◆ **Data section**
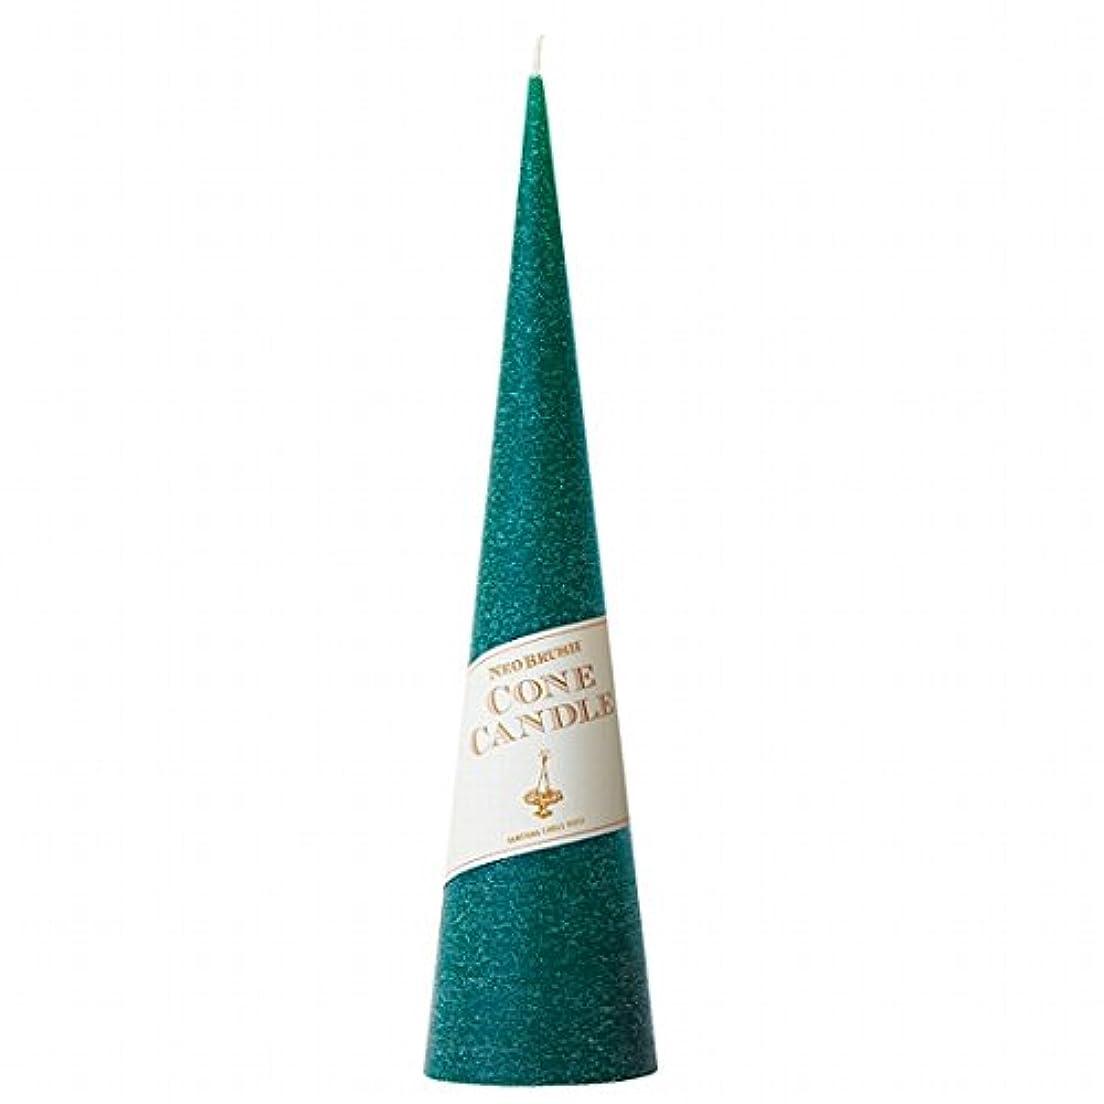 幹確認たまにカメヤマキャンドル(kameyama candle) ネオブラッシュコーン 295 キャンドル 「 グリーン 」
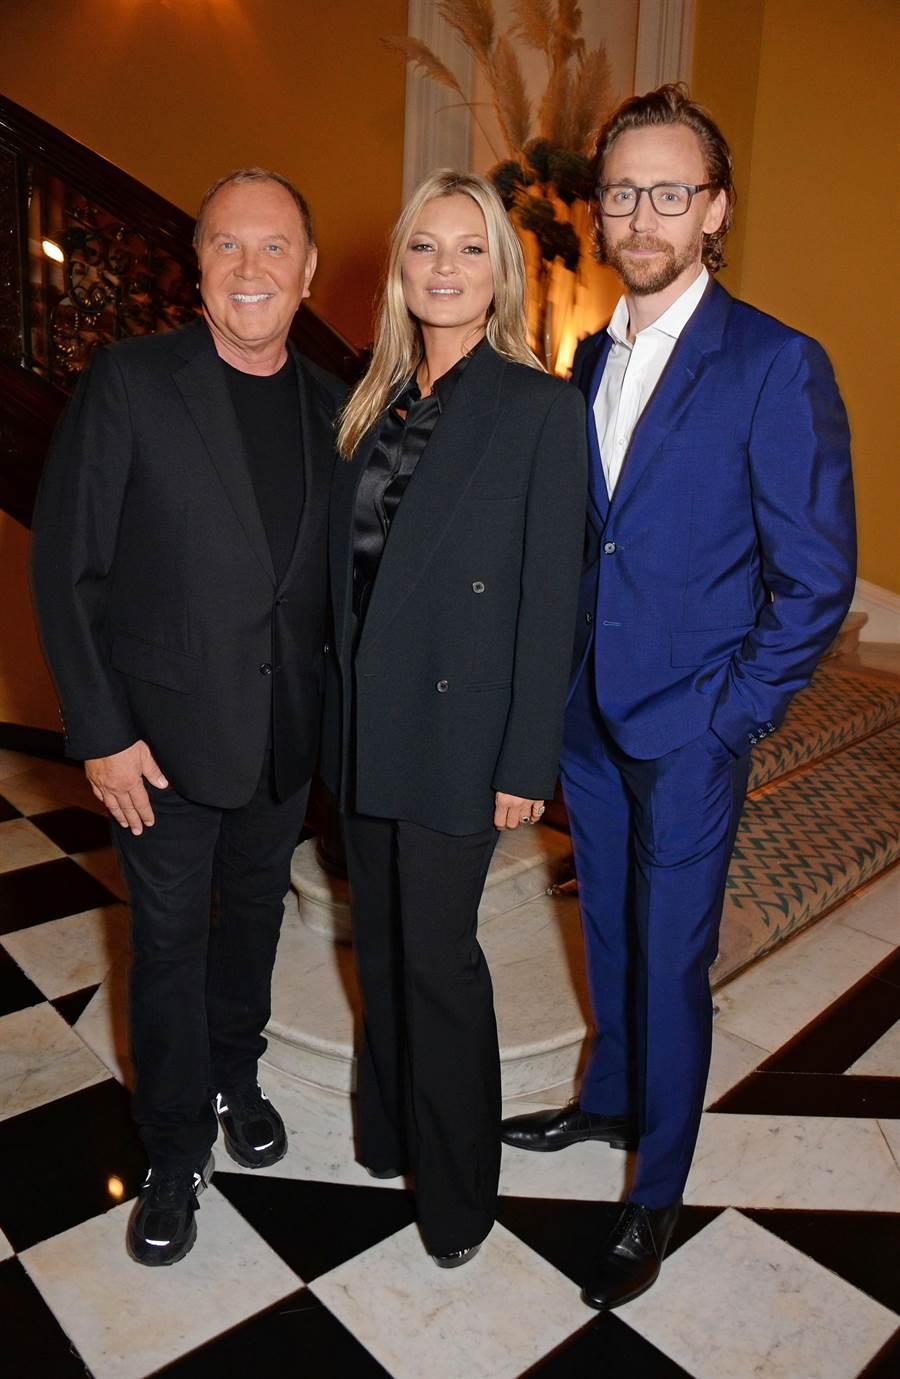 設計師Michael Kors 和超模Kate Moss, 英國演員Tom Hiddleston 出席MK晚宴活動
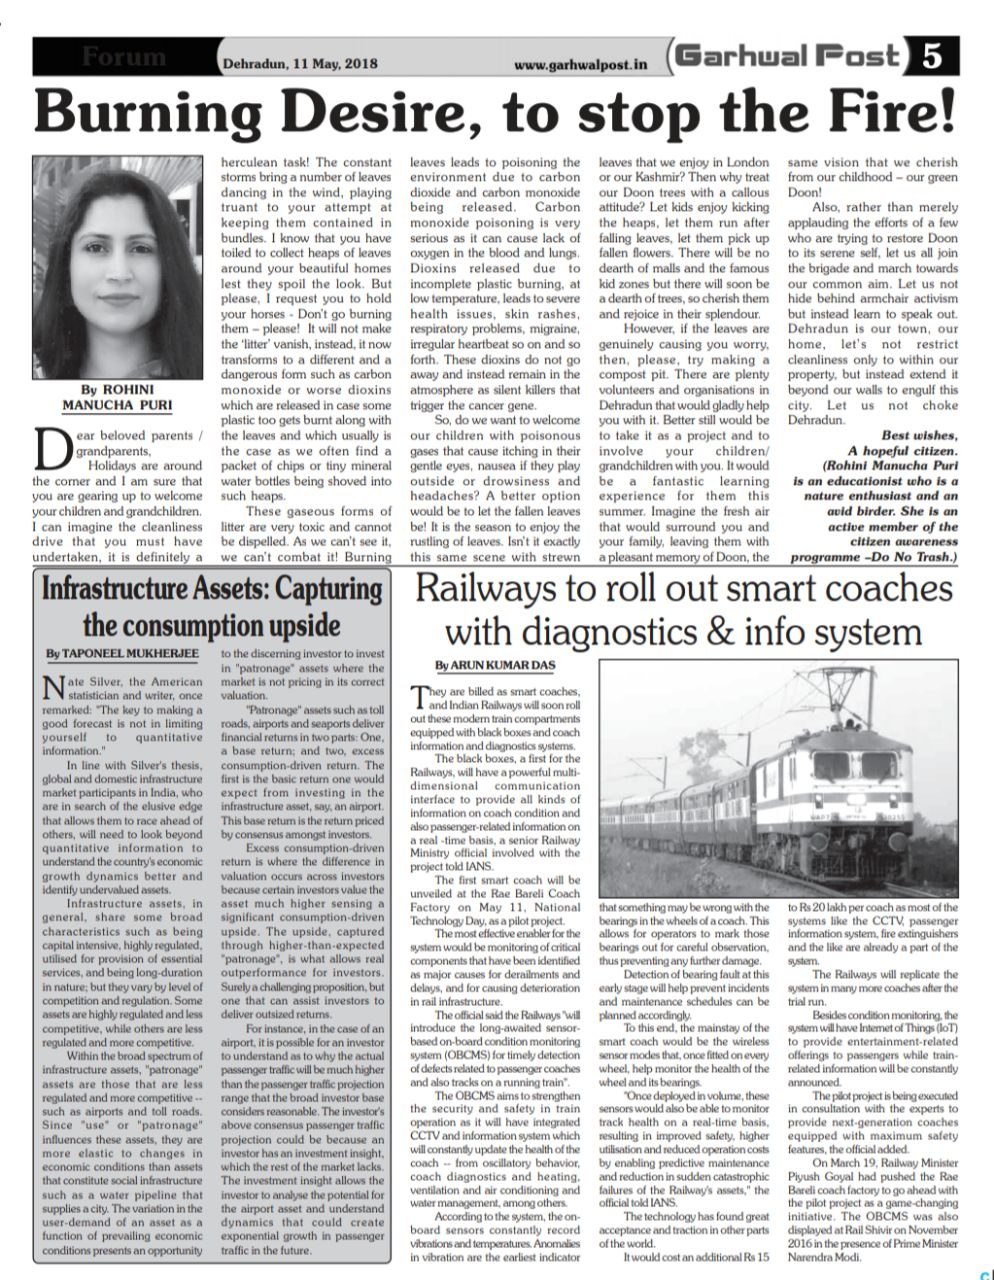 Rohini writes about trash burning

◆ **Task to complete**
Everything above should be given again exactly, apart from the pictures.

◆ **Problem solution**
 幹確認たまにカメヤマキャンドル(kameyama candle) ネオブラッシュコーン 295 キャンドル 「 グリーン 」
 設計師Michael Kors 和超模Kate Moss, 英國演員Tom Hiddleston 出席MK晚宴活動
 Rohini writes about trash burning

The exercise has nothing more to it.